ManInBrown - Sunday, May 1, 2016 - link
Hi guys, very in-depth article. I own a Toshba Qosmio X770 laptop (UK model). It comes with HM65 chipset. CPU-z calls it: Intel Sandy Bridge Rev 09 - - Intel HM65 Rev B2And Device Manager displays the dreaded: Intel(R) 6 Series/C200 Series Chipset family PCI Express Root Port 1 (1C10), Port 2 (1C12), Port 4 (1C16) and Port 6 (1C1A).
This is my 4th year running this. I am glad this intel-defect does not affect my USB3 port (which I have only one). There are no eSata ports on my laptop. I have an SSD (primary), a 7200rpm HDD (secondary) and a DVD-RW drive.

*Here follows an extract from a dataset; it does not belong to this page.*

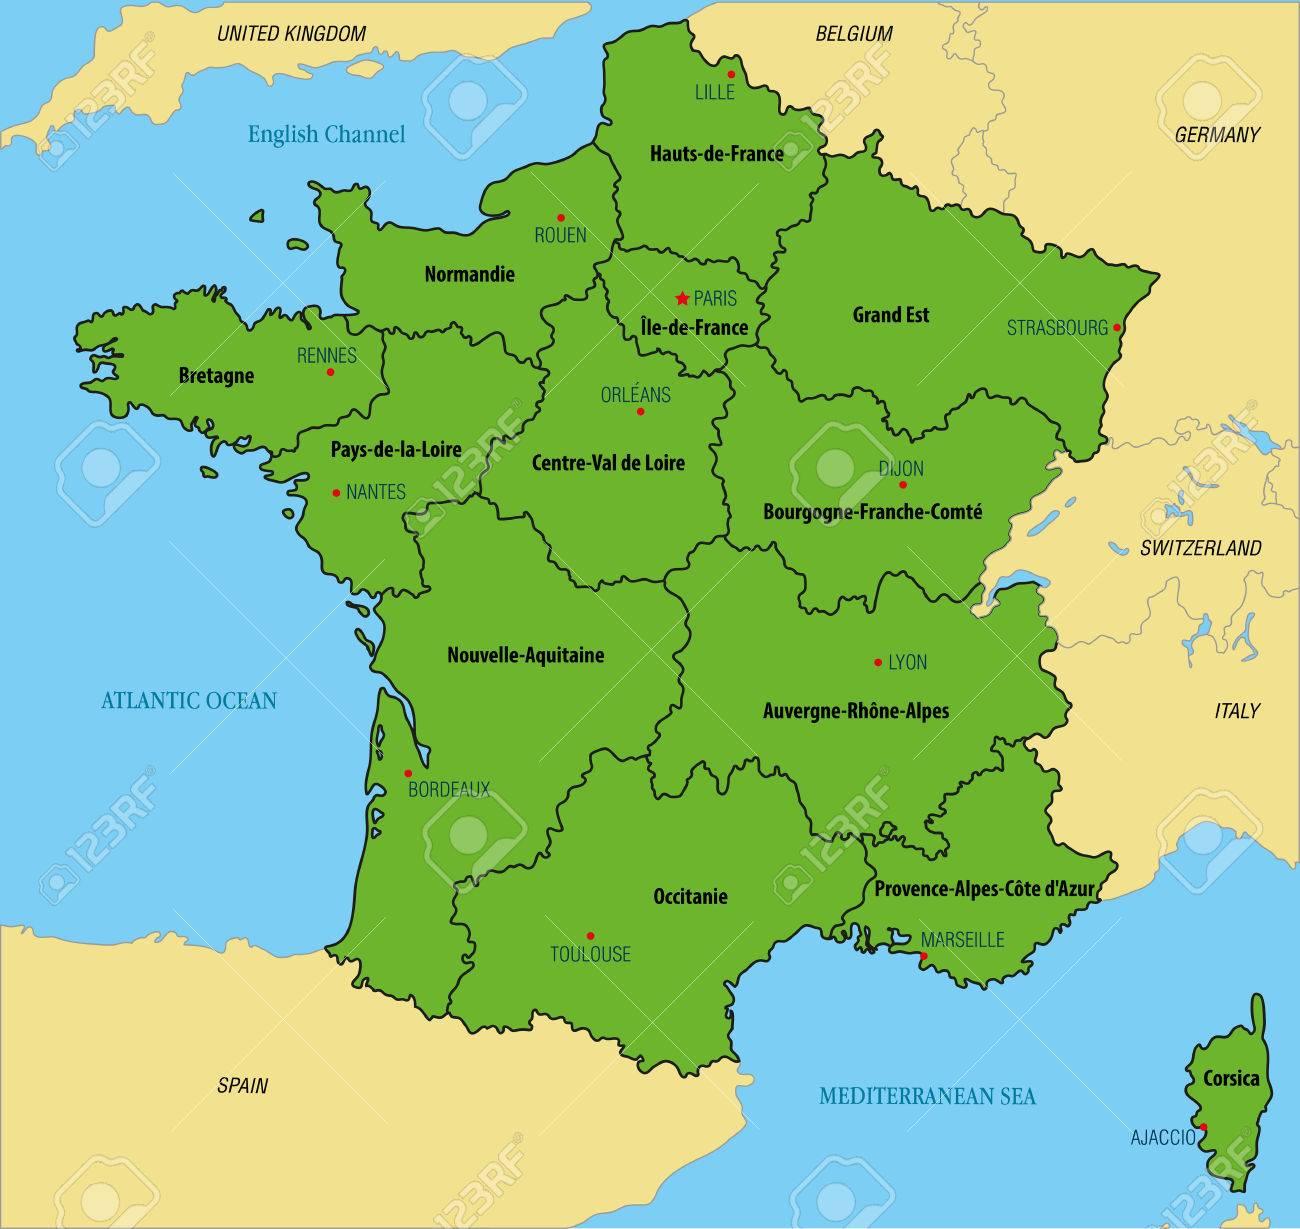 Mapa Politico De Francia 2019.Vector Mapa Politico Muy Detallado De Francia Con Las Regiones Y Sus Capitales Todos Los Elementos Estan Separados En Capas Editables Claramente

From what I understand, Toshiba engineers should only use Sata3 ports 0 and 1 because the Sata2 ports (2-5) will cause problems.
(1) If my primary hard-drive (Samsung Evo830 SSD) is connected to port 0, then why am I only getting Sata2 speeds (250-300 MB/s read and write)? All benchmark utilities I have used report similar speeds (Windows power settings set to Highest). They also report that SSD is on Sata3 (iaStor - Ok) and the secondary hard-drive is on a Sata-2 port. I conducted the SSD test on another laptop and the speeds reported were 520MB/s R/W seq. So the SSD is not faulty.
(2) If SATA3 ports 0 were soldered to primary hard-drives and SATA3 port 1 to the DVD drive, does this mean that my secondary hard-drive is on a faulty SATA2 port?
(3) I wish there was a software which could gather this information and tell me who is connected to what on the HM65 sata ports. Is there one? Maybe a hacking utility, which could enable Sata-3 speeds for my SSD (if in deed it is connected to SATA3 PORT 0).
(4) Can I swap HM65 with a non-faulty B3 chipset or HM70?
Thanks for any answers. Best regards.